| What the task requires |
Restate word for word every line from the top of the data below down through the line that holds "Printable Daily Calendar".

| Records supplied |
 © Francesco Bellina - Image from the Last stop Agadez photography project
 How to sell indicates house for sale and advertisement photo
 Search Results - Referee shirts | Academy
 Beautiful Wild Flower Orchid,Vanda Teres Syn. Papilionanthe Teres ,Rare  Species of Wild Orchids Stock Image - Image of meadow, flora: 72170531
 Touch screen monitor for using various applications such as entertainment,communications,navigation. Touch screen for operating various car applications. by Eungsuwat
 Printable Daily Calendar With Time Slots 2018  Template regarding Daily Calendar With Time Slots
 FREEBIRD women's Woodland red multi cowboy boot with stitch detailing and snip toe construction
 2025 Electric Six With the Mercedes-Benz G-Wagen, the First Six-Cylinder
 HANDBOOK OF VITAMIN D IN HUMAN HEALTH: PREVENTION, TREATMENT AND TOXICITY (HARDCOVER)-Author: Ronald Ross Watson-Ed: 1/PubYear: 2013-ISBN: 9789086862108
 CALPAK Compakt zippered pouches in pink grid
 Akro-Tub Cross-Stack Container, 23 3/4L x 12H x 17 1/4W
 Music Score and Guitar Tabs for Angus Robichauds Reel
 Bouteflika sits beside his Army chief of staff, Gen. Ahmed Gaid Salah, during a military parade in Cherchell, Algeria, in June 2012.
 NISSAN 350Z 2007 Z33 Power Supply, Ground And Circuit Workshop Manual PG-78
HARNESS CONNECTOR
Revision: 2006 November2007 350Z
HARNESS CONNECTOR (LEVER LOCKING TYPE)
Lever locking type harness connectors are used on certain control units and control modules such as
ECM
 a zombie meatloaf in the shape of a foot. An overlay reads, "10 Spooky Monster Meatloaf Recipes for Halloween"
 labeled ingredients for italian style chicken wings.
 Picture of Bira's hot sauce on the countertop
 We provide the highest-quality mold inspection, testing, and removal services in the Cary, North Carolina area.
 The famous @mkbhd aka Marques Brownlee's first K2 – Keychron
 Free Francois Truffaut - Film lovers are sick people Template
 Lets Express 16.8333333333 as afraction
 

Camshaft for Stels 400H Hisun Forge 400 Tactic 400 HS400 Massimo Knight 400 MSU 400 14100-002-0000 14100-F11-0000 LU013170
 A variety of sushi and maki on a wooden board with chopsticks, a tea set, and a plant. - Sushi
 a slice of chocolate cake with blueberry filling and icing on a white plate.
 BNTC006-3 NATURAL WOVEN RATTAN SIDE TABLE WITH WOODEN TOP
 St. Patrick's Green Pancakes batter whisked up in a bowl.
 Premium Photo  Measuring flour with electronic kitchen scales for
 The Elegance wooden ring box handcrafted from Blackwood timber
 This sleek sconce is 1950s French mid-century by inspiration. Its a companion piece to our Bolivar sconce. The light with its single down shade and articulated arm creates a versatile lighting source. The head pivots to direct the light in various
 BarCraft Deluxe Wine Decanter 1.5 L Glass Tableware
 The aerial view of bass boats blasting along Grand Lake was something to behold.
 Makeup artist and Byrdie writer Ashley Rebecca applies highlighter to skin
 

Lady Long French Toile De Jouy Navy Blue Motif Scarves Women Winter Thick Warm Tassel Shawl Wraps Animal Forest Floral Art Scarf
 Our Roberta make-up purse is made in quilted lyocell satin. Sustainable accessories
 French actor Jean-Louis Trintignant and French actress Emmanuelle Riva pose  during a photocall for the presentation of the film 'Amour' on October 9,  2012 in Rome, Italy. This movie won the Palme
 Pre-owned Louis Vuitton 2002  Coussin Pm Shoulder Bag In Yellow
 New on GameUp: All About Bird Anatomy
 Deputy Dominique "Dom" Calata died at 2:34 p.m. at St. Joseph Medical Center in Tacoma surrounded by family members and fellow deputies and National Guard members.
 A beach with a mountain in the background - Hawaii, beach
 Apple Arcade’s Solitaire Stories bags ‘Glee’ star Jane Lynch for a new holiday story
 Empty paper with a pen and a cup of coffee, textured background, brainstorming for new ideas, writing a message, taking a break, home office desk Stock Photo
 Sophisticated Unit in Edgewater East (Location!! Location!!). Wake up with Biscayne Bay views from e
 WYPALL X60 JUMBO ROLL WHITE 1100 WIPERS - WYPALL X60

| Response to the task |
 © Francesco Bellina - Image from the Last stop Agadez photography project
 How to sell indicates house for sale and advertisement photo
 Search Results - Referee shirts | Academy
 Beautiful Wild Flower Orchid,Vanda Teres Syn. Papilionanthe Teres ,Rare  Species of Wild Orchids Stock Image - Image of meadow, flora: 72170531
 Touch screen monitor for using various applications such as entertainment,communications,navigation. Touch screen for operating various car applications. by Eungsuwat
 Printable Daily Calendar With Time Slots 2018  Template regarding Daily Calendar With Time Slots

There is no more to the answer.